SELECT count(*) from t1;

一、多进程导入文件

import pandas as pd
import multiprocessing
import pymysql
import time

print(f'start>>>')
host = 'localhost'
user = 'root'
password = 'root'
# which database to use.
db = 'test'
filename_ = './test.csv'

# 进程数(根据cpu数量来设定)
w = 4
# 批量插入的记录数量
BATCH = 5000

# 数据库连接信息
connection = pymysql.connect(host=host, user=user, password=password, database=db)
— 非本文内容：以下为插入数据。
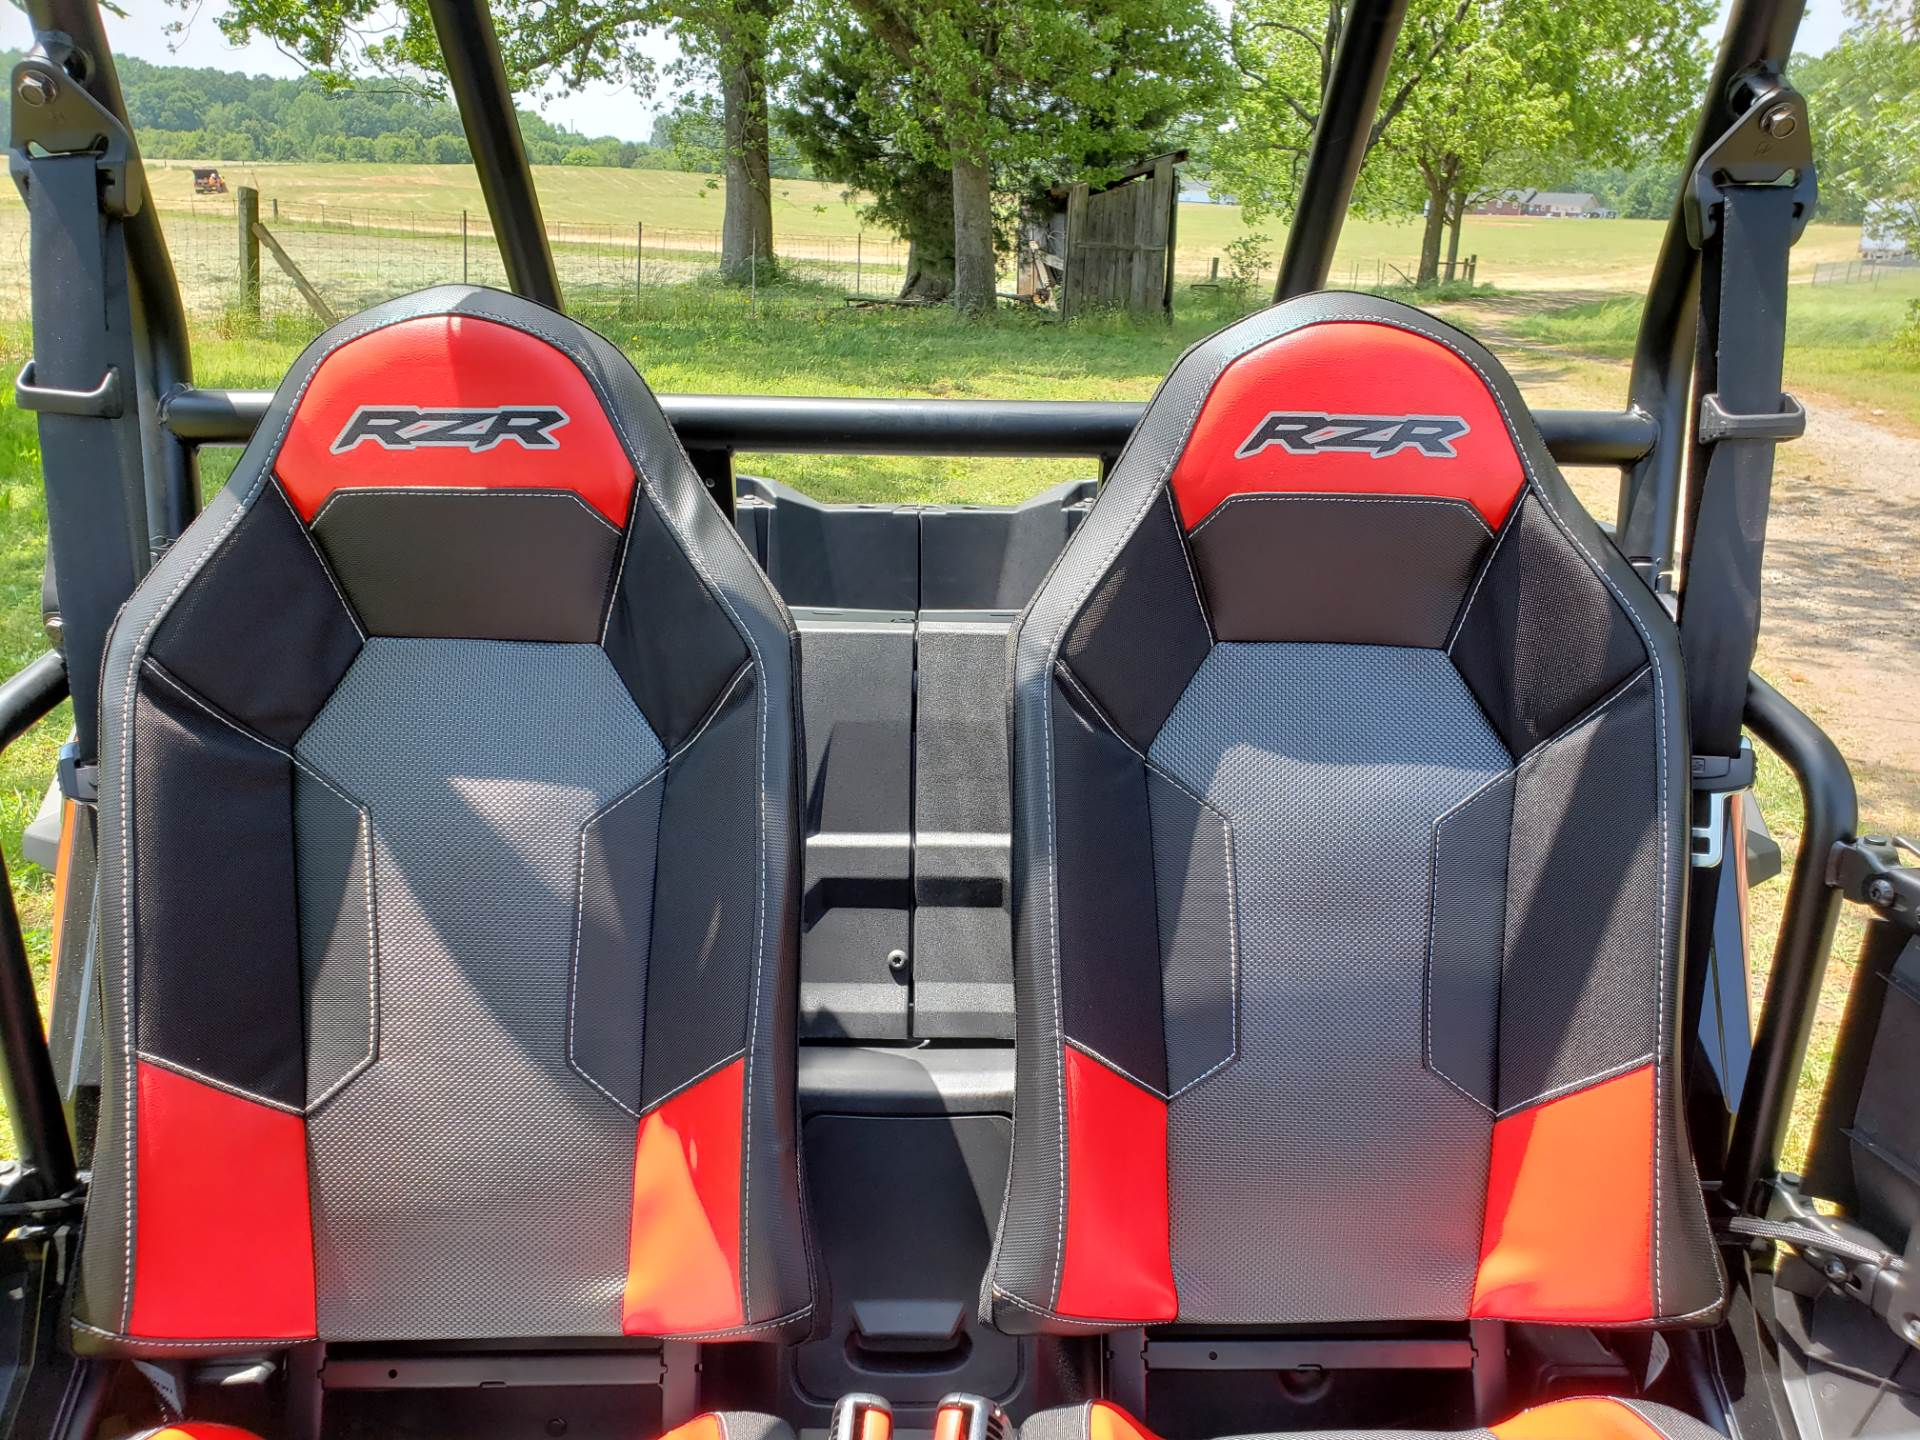 2018 Polaris RZR XP 1000 EPS Ride Command Edition 12

def insert_many(l, cursor):
    c_time = time.strftime('%Y-%m-%d %H:%M:%S', time.localtime())
    
    s = ','.join(map(str, l))

    sql = f"insert into t1(id, c1, c2, c3, create_time) values {s}"
    #print(f'{sql}')
    cursor.execute(sql)
    connection.commit()
def insert_worker(queue):
    rows = []
    # 每个子进程创建自己的 游标对象
    cursor = connection.cursor()  # 生成游标对象
    while True:
        row = queue.get()
        if row is None:
            if rows:
                # 批量插入方法 或者 sql
                print(f"插入{len(rows)}条")
                insert_many(rows, cursor)
            break

        rows.append(row)
        if len(rows) == BATCH:
            # 批量插入方法 或者 sql
            print("插入5000条")
            insert_many(rows, cursor)
            rows = []


def csv_test():
    # 创建数据队列,主进程读文件并往里写数据,worker 进程从队列读数据
    # 注意一下控制队列的大小,避免消费太慢导致堆积太多数据,占用过多内存
    queue_ = multiprocessing.Queue(maxsize=100)
    workers = []
    for i in range(w):
        # 增加进程任务
        p = multiprocessing.Process(target=insert_worker, args=(queue_,))
        p.start()
        workers.append(p)
        print('starting # %s worker process, pid: %s...', i + 1, p.pid)

    dirty_data_file = r'./error.csv'
    # 表字段
    cols = ["id", "c1", "c2", "c3", "c4", "c5", "c6", "create_time"]
    # 错误数据列表
    dirty_data_list = []

    reader = pd.read_csv(filename_, sep=',', iterator=True) //指定列, usecols=[2, 5, 46, 57]
    #reader['create_time'] = pd.to_datetime(reader['create_time'], format='%Y-%m-%d %H:%M:%S')
    loop = True
    while loop:
        try:
            data = reader.get_chunk(BATCH)  # 返回N行数据块  DataFrame类型
            data_list = data.values.tolist()
            for line in data_list:

                #print(line)
                # 记录并跳过脏数据: 键值数量不一致 或者 其他检验数据错误逻辑
                # cols 表字段
                #if len(line) != (len(cols) + 1):
                #    dirty_data_list.append(line[1:])
                #    continue
                # 把 None 值替换为 'NULL'
                clean_line = [None if x == 'NULL' else x for x in line]
                #clean_line = ['nan' if x == 'NULL' else x for x in line]
                #print(clean_line)

                list_tmp = []
                #list_tmp.append(None)
                list_tmp.append(clean_line[0])
                list_tmp.append(clean_line[1])
                list_tmp.append(clean_line[3])
                list_tmp.append(clean_line[4])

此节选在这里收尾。